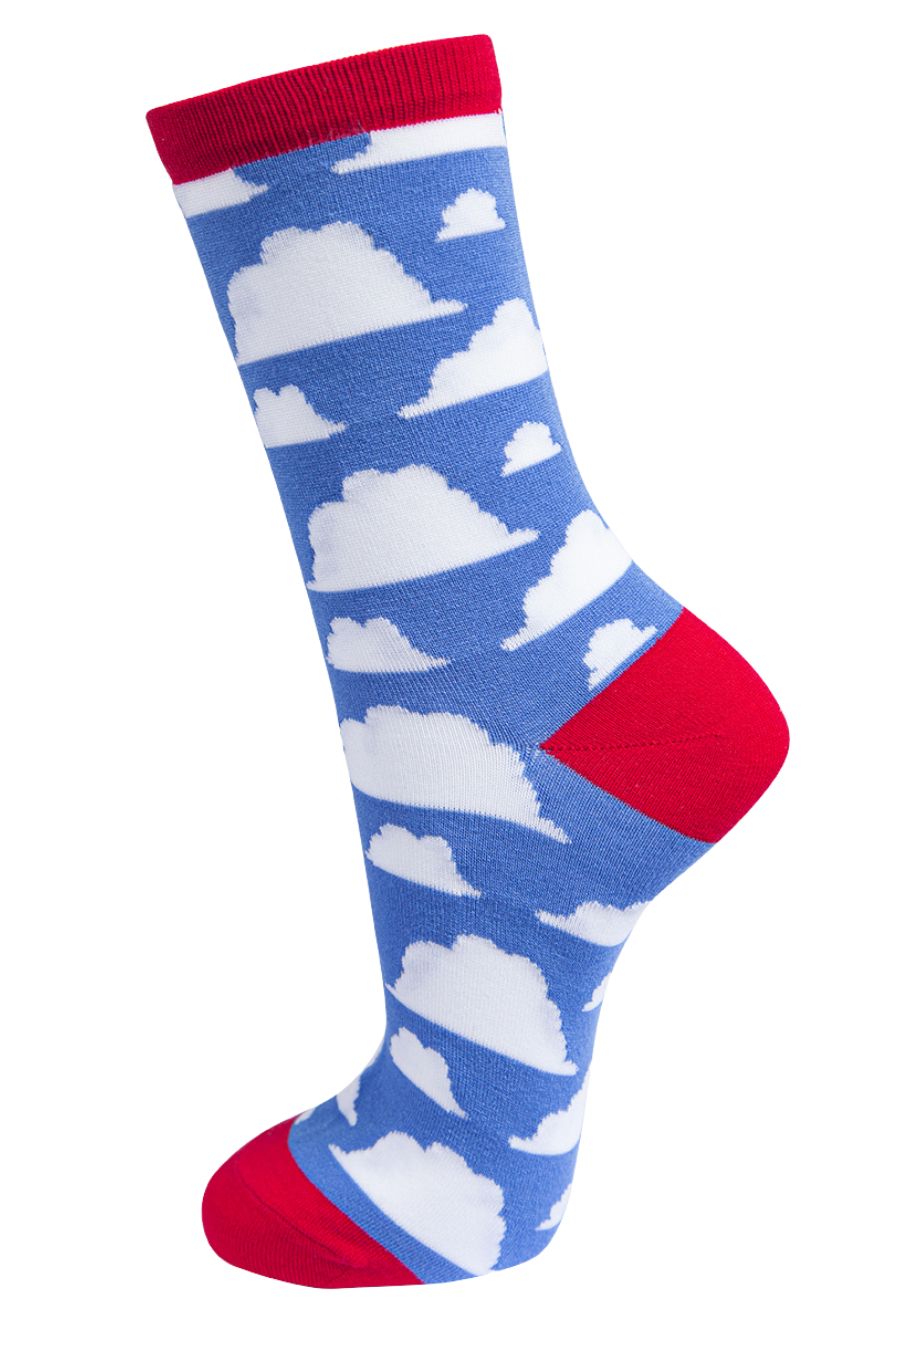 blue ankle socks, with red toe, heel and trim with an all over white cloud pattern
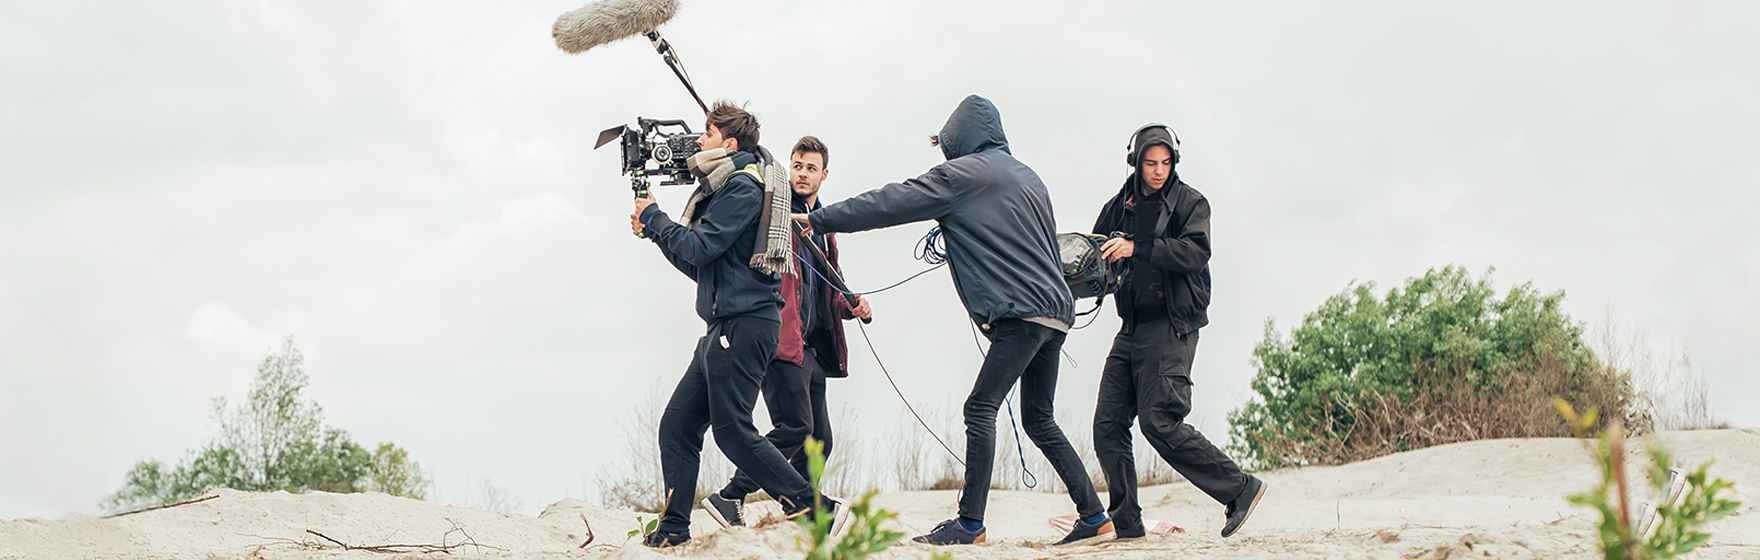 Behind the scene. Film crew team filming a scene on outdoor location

——

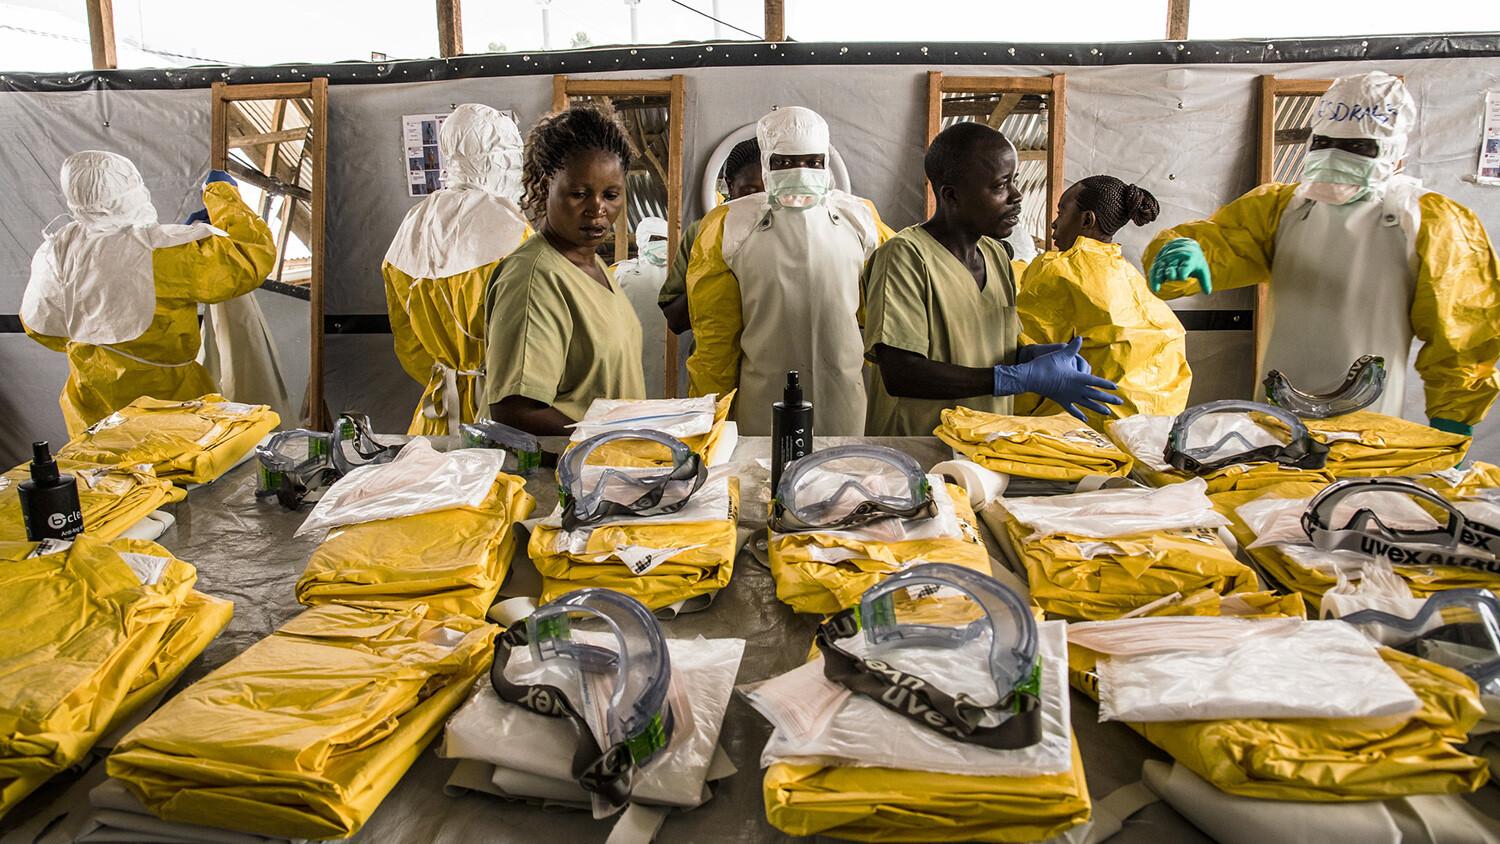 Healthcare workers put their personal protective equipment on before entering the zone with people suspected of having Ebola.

——

## Your goal
Go back to the lines above and output, exactly as they stand, the ones from the line containing "blue ankle socks, with" to the line containing "Behind the scene.". Leave all pictures behind.

## Exercise result
 blue ankle socks, with red toe, heel and trim with an all over white cloud pattern
 Behind the scene. Film crew team filming a scene on outdoor location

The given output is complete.